Goal of the exercise:
The whole listing is to be restated word for word with no images.

Provided material:
Content starts

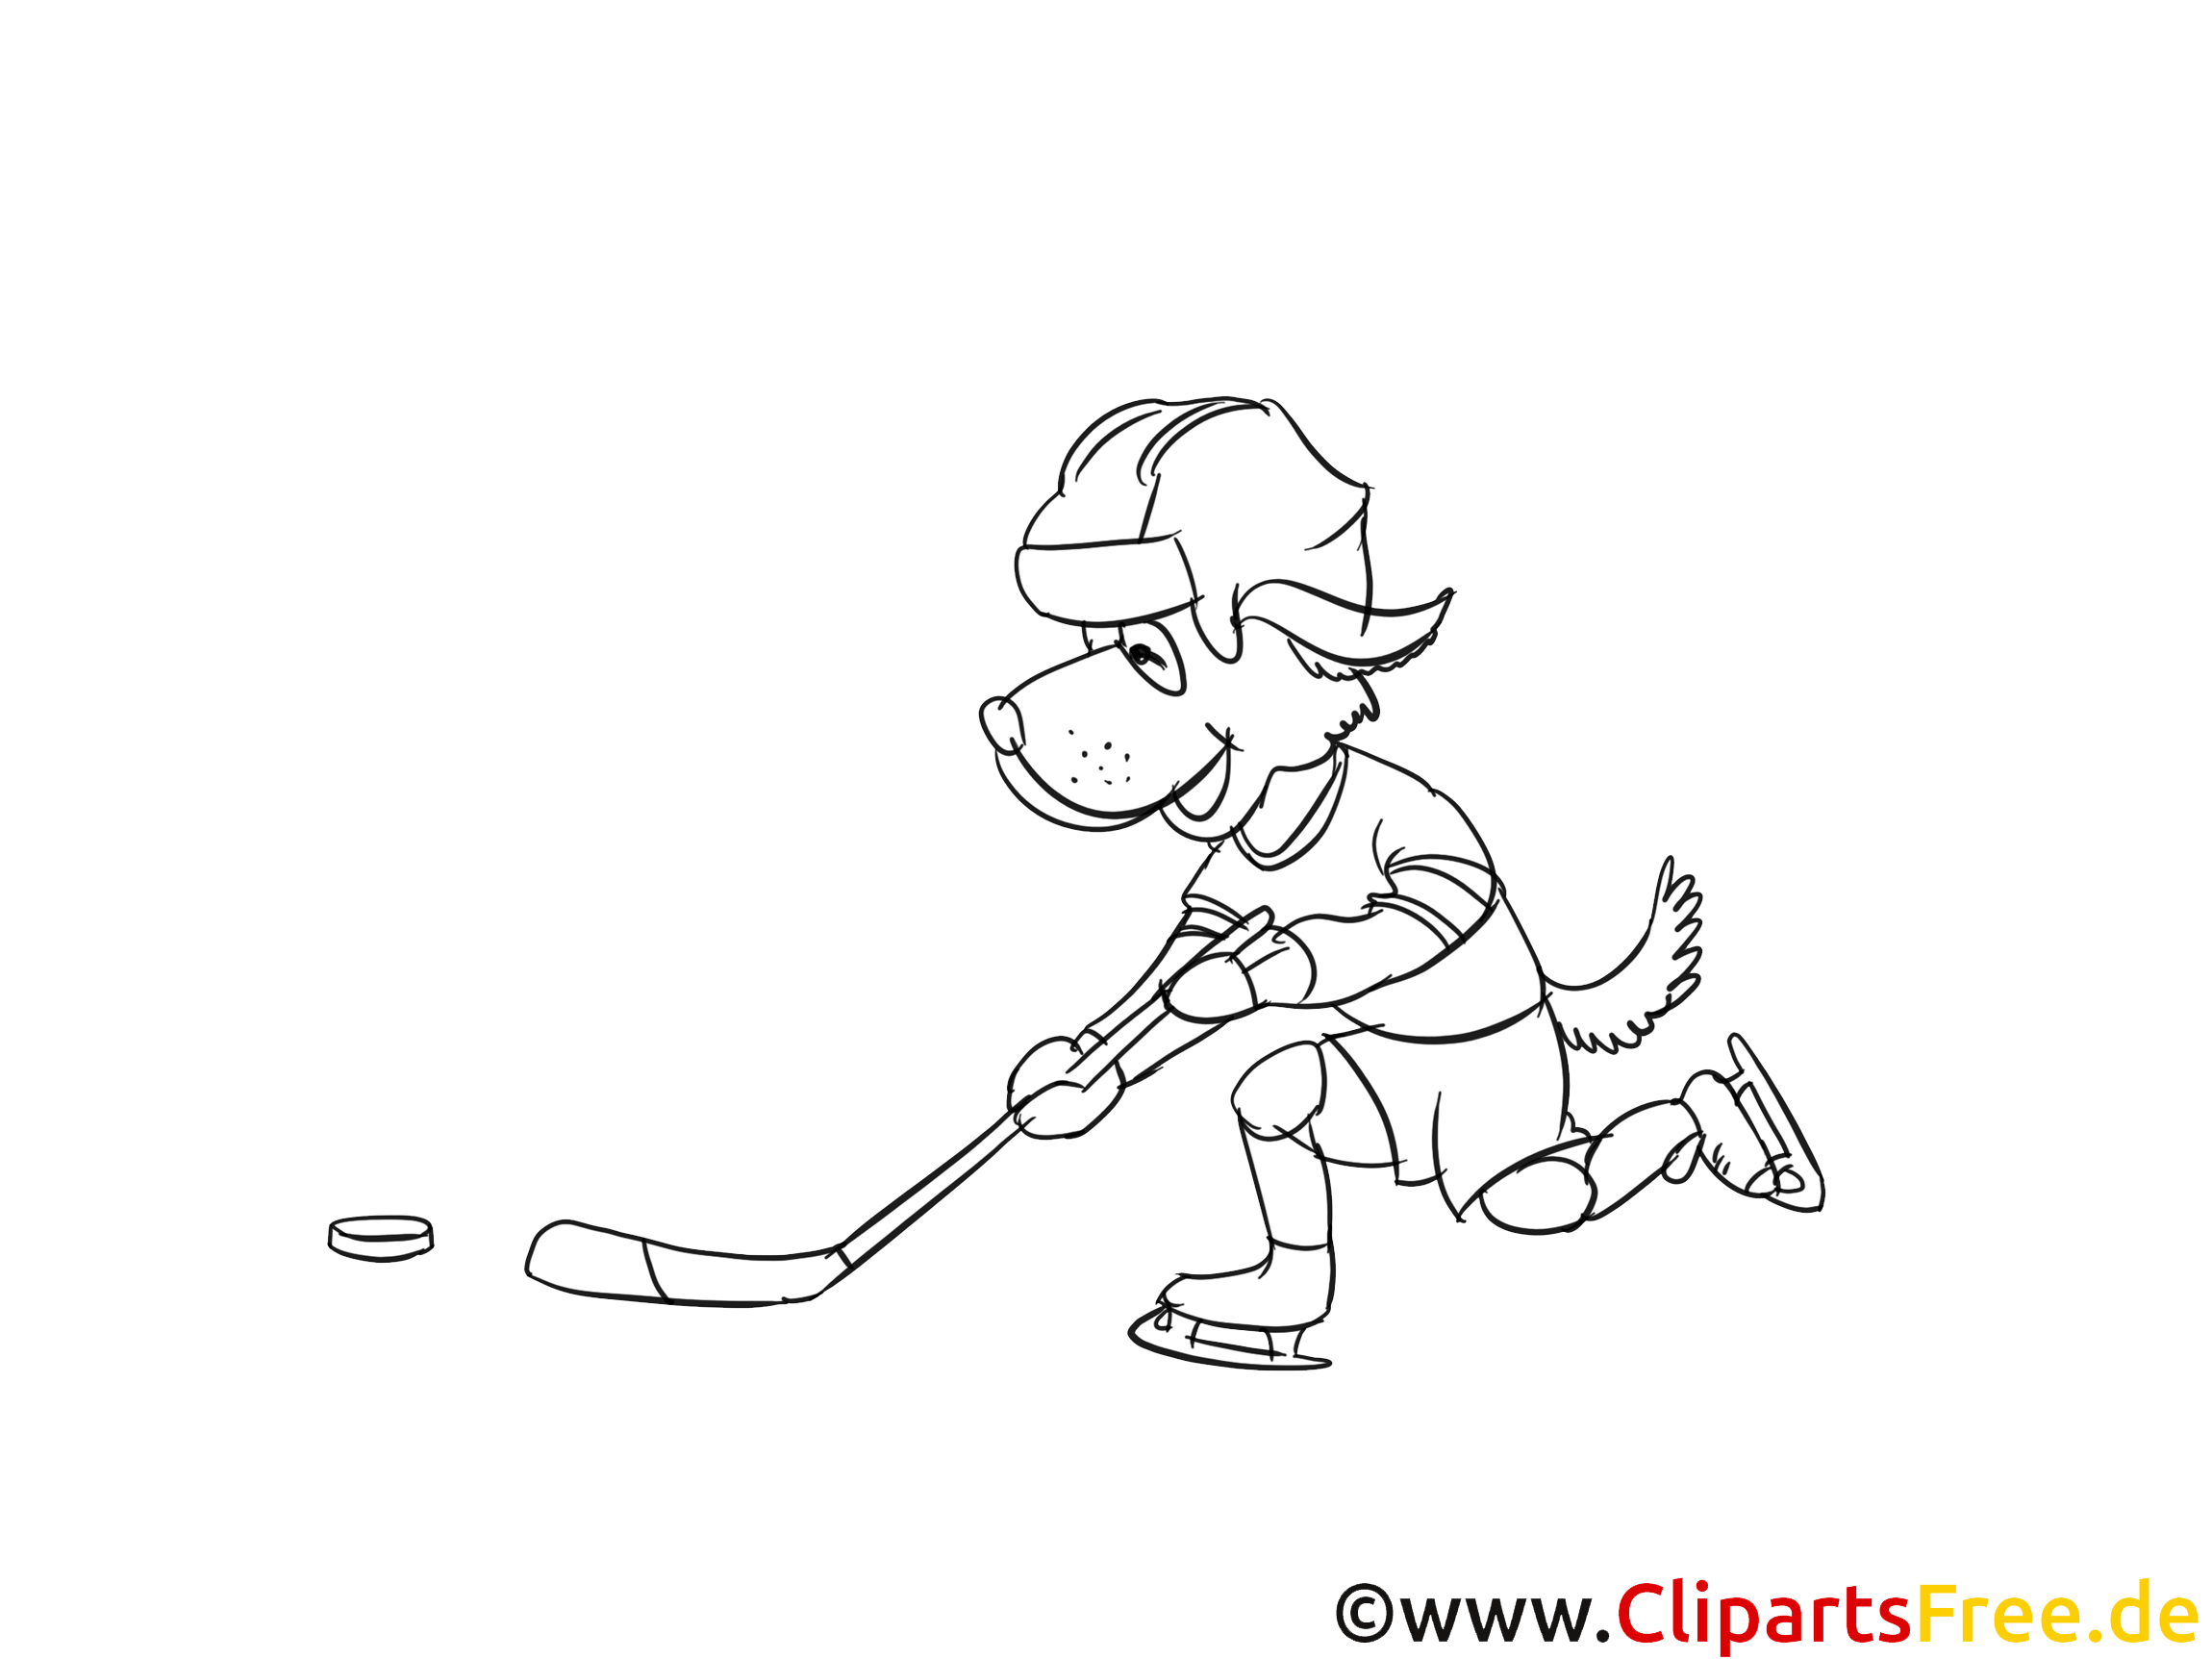 Sport d'hiver clip arts – Hockey à imprimer
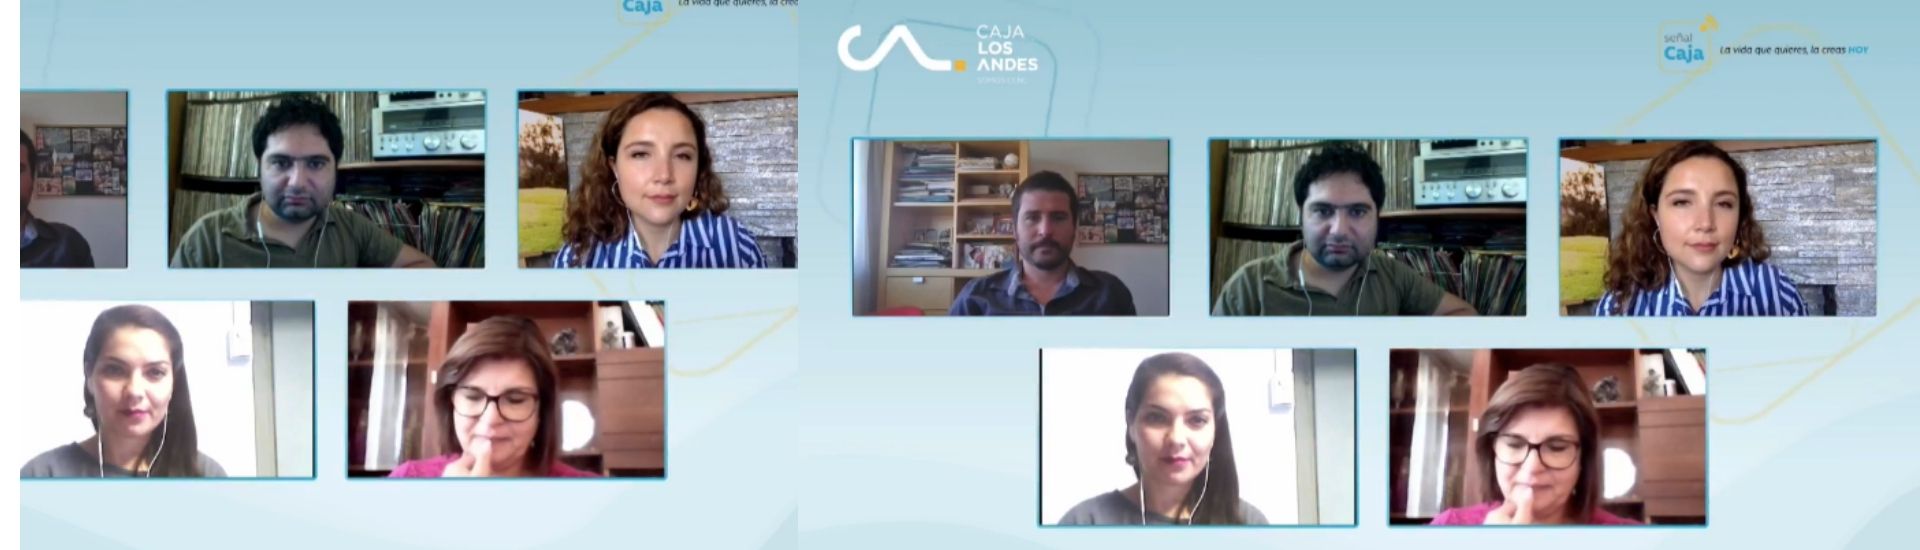 Imagen de la transmisión en vivo con caja los andes, junto a los profesores finalistas del global teacher prize chile 2020
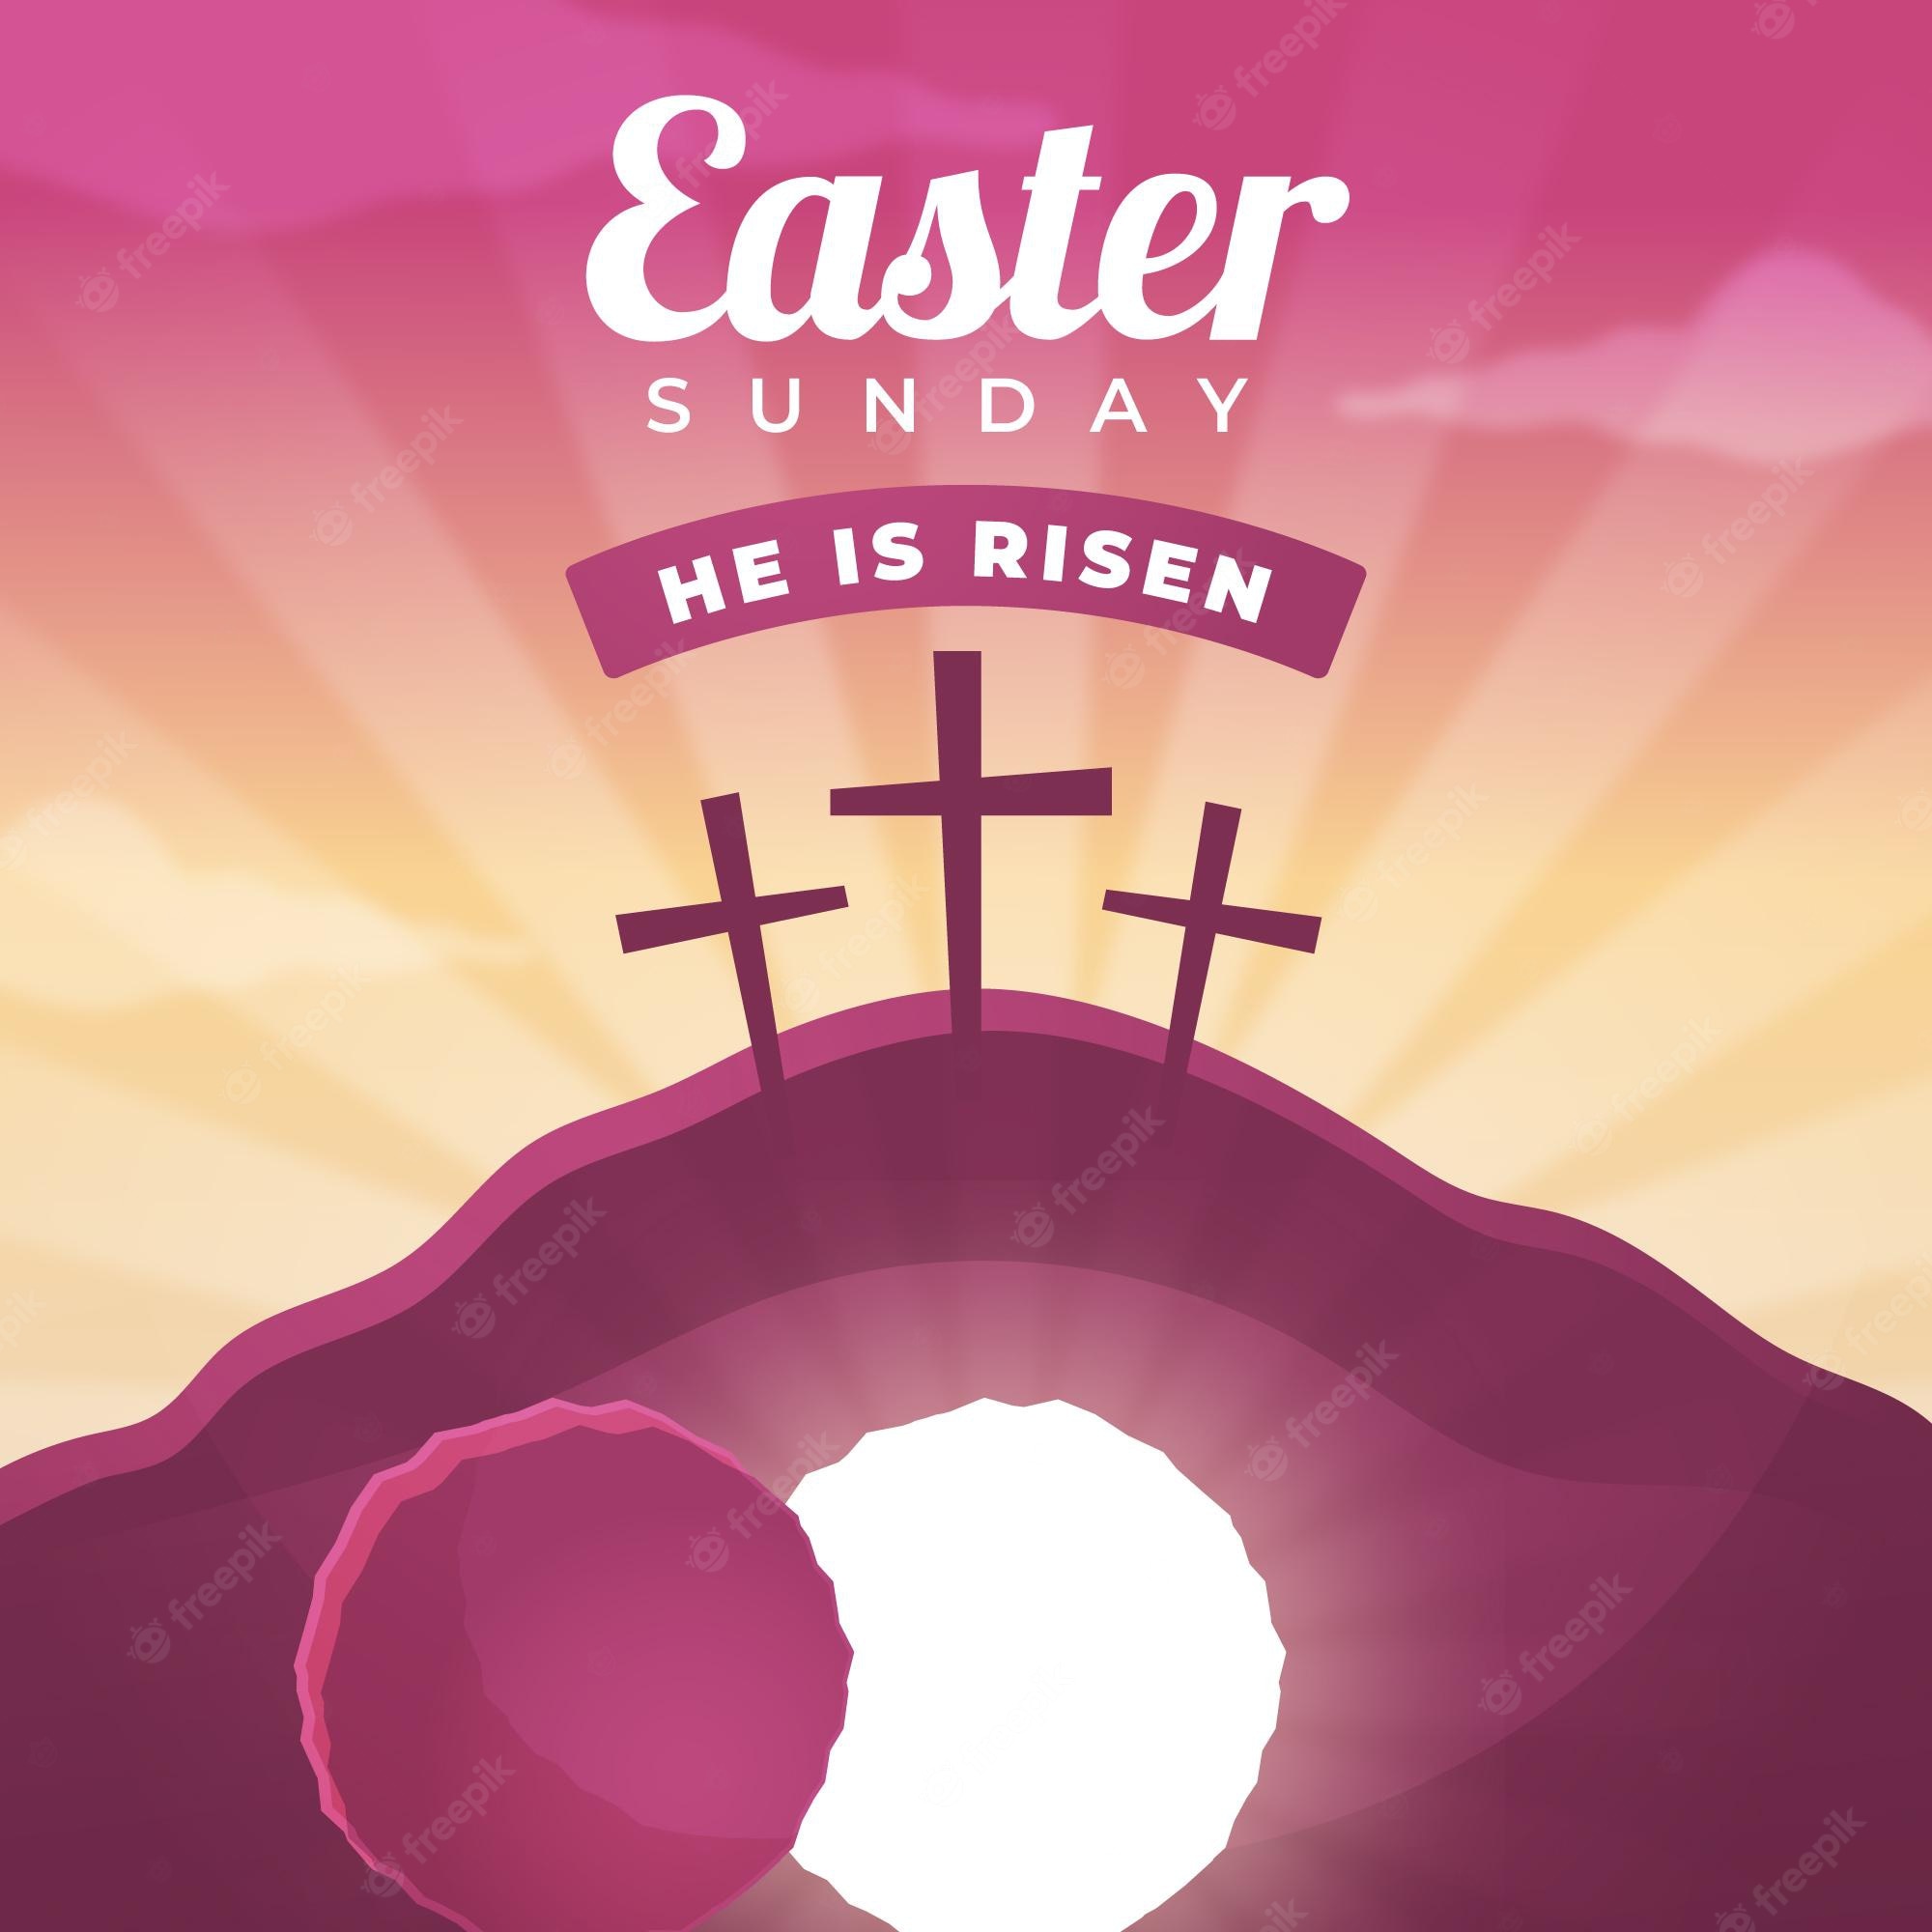 Resurrection Sunday Image

Content ends

Solution:
 Sport d'hiver clip arts – Hockey à imprimer
 Imagen de la transmisión en vivo con caja los andes, junto a los profesores finalistas del global teacher prize chile 2020
 Resurrection Sunday Image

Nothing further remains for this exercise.